▸ **Exercise details**
Transcribe the records from the line containing "ana flavia giacomini, miss" onward, up to and including the final line, exactly and without anything else.

[[ Entries supplied open ]]

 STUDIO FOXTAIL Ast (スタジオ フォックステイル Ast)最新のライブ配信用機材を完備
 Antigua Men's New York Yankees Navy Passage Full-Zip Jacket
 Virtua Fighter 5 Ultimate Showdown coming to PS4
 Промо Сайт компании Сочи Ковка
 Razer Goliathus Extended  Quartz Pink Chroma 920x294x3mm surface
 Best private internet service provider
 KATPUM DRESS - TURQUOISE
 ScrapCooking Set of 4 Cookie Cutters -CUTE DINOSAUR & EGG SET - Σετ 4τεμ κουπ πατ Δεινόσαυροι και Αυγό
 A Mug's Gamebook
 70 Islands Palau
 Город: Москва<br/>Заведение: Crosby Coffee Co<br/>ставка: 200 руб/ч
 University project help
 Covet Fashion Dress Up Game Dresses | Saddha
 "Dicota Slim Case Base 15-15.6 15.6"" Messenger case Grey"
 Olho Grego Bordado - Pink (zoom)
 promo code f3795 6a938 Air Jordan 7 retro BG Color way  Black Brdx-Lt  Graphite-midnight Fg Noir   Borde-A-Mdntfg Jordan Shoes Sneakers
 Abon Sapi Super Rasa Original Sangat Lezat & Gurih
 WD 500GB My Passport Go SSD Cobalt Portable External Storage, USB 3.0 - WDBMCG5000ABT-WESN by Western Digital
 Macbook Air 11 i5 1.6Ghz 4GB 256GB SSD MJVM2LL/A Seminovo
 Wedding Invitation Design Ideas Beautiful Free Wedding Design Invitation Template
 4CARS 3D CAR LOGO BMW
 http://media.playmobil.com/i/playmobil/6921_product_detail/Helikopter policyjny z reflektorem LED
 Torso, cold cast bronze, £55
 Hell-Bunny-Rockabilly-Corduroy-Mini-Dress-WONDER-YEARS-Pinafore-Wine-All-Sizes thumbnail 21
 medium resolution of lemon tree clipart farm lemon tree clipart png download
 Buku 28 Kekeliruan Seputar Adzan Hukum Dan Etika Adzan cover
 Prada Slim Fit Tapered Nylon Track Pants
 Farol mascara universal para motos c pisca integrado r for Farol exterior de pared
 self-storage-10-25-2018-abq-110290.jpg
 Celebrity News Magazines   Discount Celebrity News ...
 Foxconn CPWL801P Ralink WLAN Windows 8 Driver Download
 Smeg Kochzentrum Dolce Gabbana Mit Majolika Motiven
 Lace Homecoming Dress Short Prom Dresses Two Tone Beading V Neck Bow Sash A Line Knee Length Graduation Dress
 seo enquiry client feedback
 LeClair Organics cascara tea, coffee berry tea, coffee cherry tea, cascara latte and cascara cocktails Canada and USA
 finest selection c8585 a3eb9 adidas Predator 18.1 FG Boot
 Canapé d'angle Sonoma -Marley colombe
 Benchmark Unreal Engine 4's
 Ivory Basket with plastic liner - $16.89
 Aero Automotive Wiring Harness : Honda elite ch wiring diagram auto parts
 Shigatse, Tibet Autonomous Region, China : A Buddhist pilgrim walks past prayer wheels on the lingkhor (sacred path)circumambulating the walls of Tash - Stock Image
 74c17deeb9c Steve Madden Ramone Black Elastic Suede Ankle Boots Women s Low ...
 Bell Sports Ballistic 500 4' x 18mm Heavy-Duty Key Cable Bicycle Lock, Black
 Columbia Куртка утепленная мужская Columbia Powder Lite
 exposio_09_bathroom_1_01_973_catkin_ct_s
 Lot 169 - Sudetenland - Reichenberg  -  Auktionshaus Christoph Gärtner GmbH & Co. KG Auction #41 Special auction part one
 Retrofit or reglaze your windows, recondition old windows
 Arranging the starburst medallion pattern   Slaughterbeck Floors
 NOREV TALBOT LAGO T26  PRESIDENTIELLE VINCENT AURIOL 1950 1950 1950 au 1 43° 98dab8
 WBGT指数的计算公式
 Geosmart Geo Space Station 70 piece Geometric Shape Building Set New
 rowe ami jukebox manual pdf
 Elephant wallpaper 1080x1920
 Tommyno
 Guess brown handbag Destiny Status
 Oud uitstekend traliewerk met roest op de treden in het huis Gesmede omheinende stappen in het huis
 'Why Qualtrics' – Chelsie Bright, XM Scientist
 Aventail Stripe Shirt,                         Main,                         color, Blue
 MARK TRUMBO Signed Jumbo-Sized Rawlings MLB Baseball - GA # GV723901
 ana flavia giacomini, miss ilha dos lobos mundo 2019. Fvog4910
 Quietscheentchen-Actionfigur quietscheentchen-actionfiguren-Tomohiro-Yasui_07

[[ Entries supplied closed ]]

▸ **Solution for this task**
 ana flavia giacomini, miss ilha dos lobos mundo 2019. Fvog4910
 Quietscheentchen-Actionfigur quietscheentchen-actionfiguren-Tomohiro-Yasui_07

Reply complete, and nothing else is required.